> Assignment: The listing below should be printed again word for word, without any images.

Dataset excerpt Start Marker

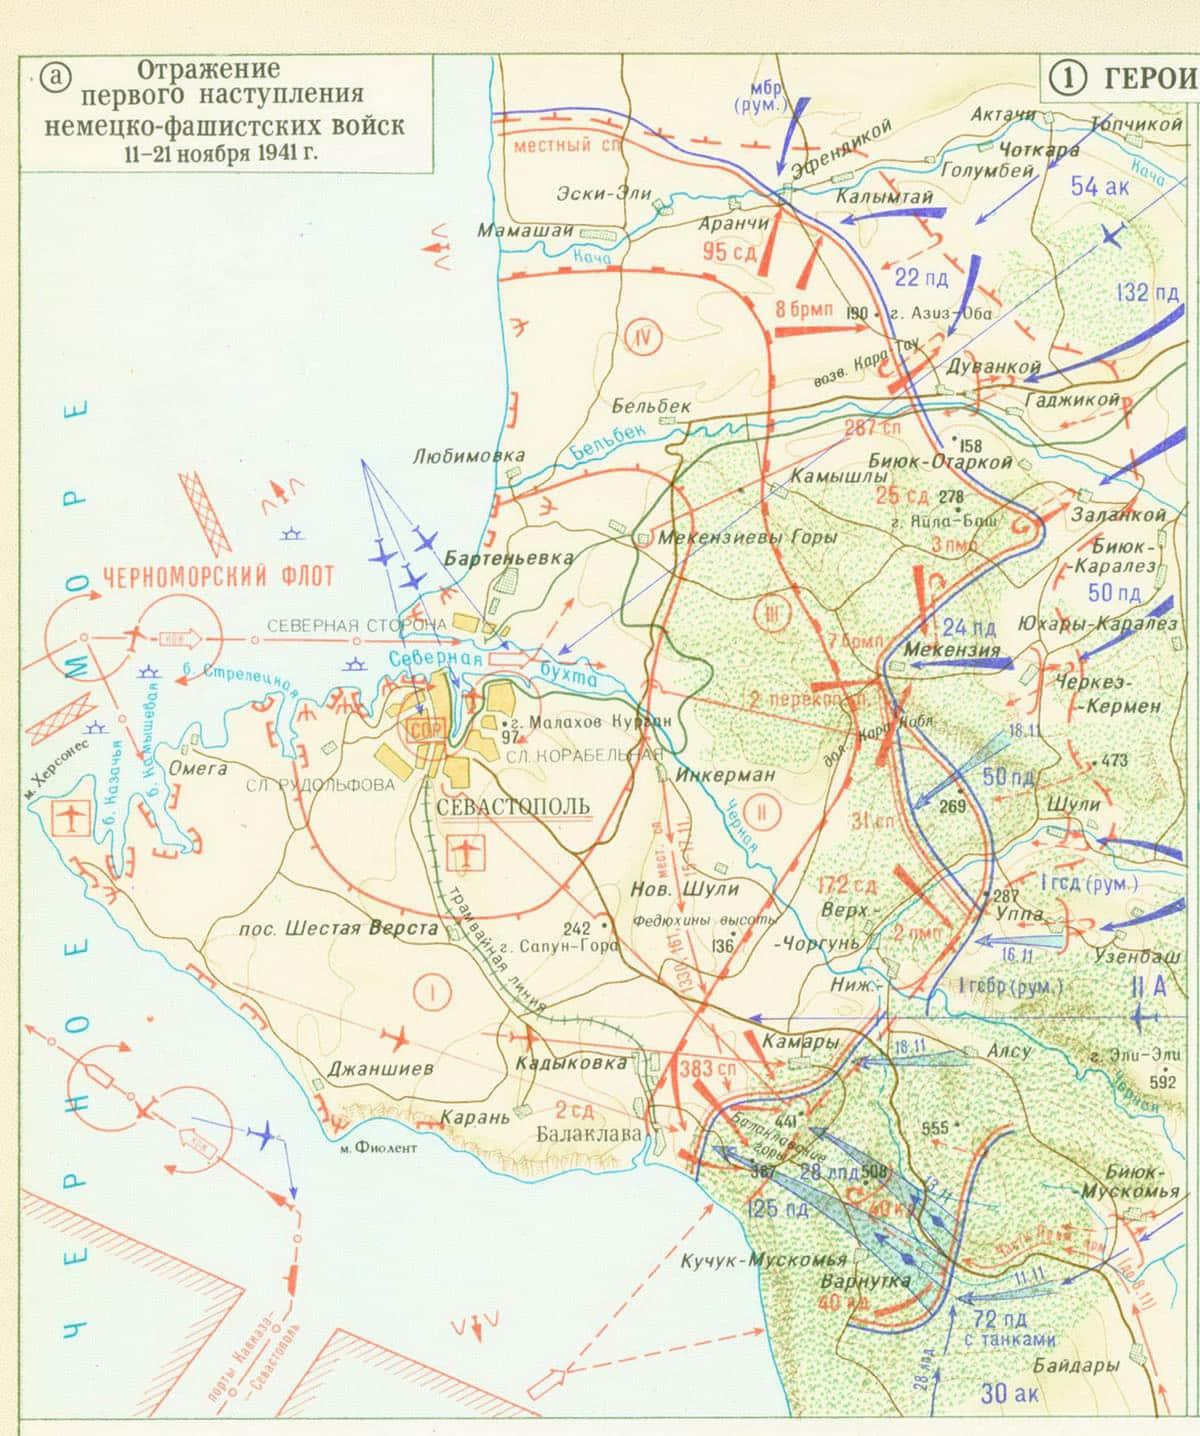 Отражение первого штурма Севастополя Севастополя 11-21 ноября 1941 года
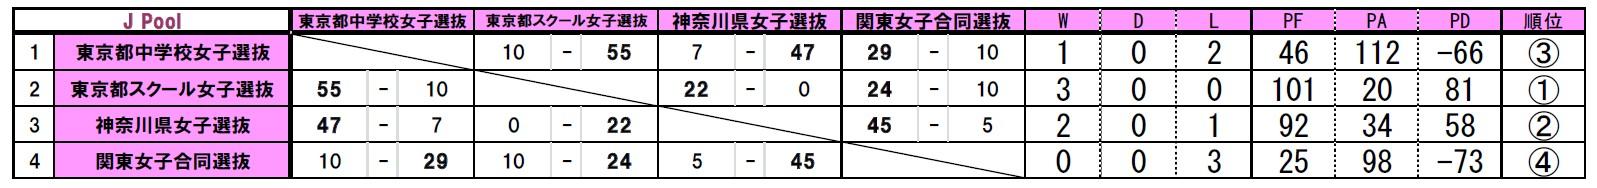 20160314-02.jpg
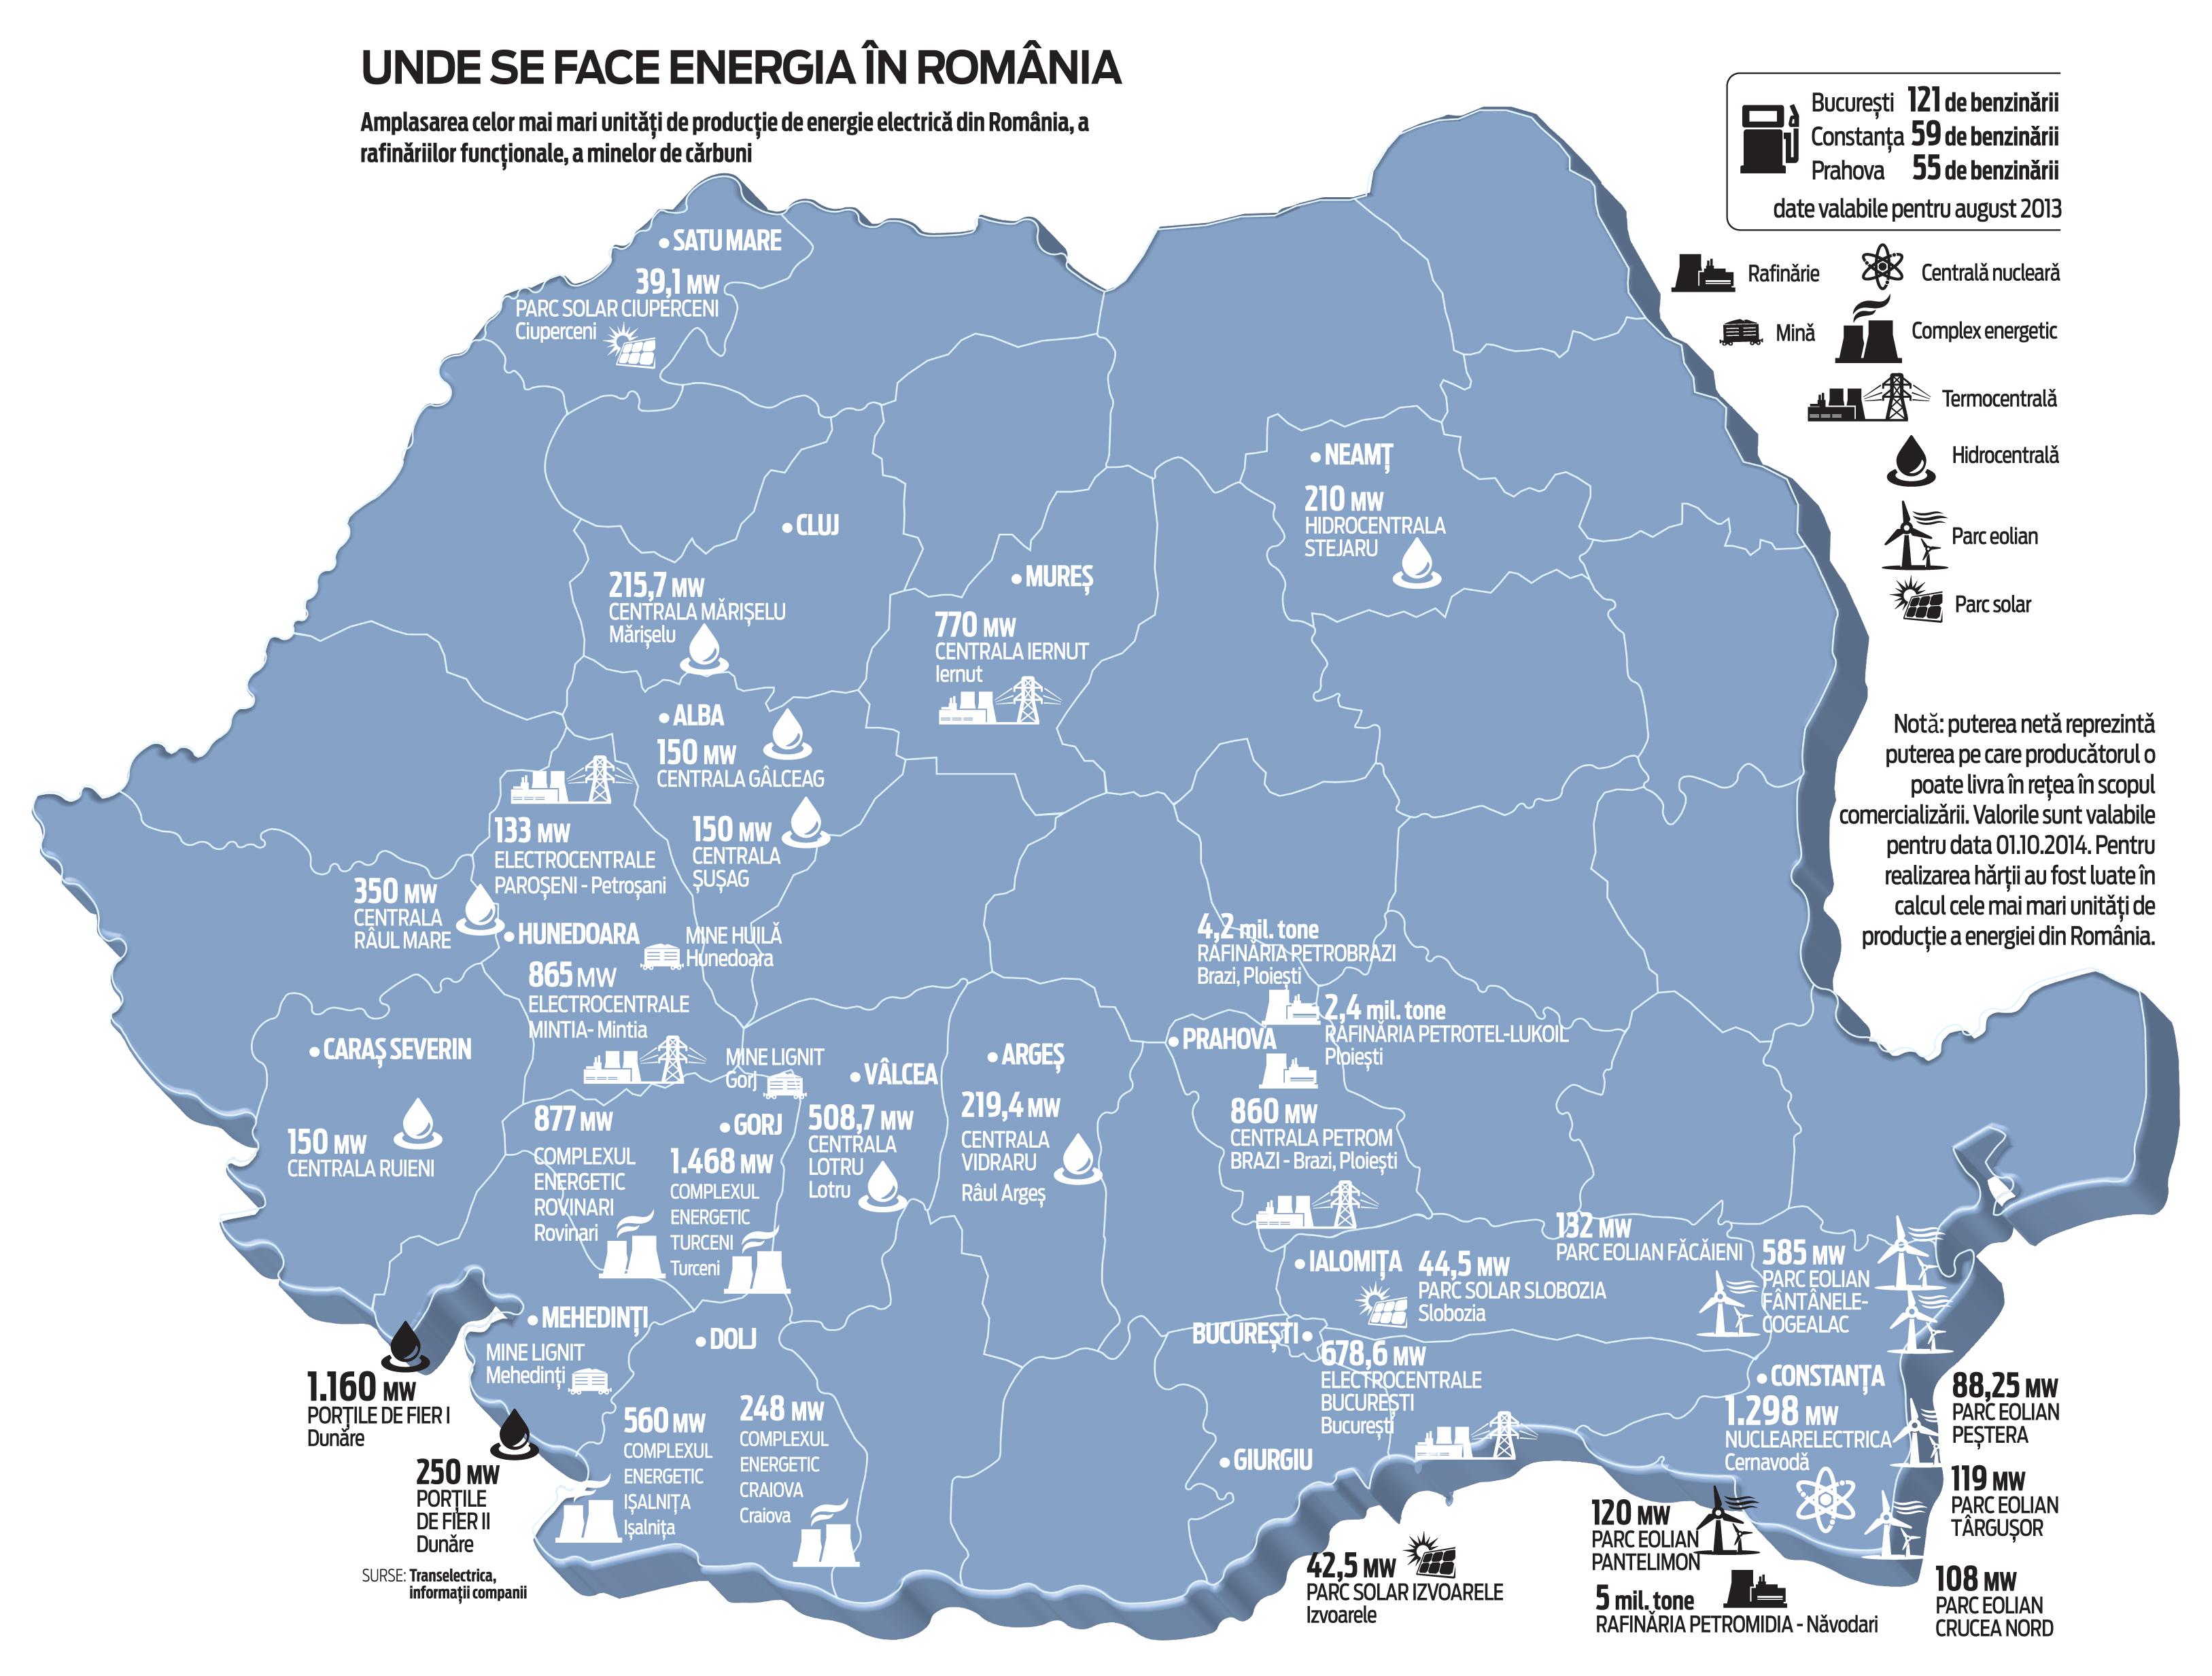 Harta Energiei Unde Sunt Cele Mai Mari Termocentrale Sau

Dataset excerpt End Marker

> Written answer:
 Отражение первого штурма Севастополя Севастополя 11-21 ноября 1941 года
 20160314-02.jpg
 Harta Energiei Unde Sunt Cele Mai Mari Termocentrale Sau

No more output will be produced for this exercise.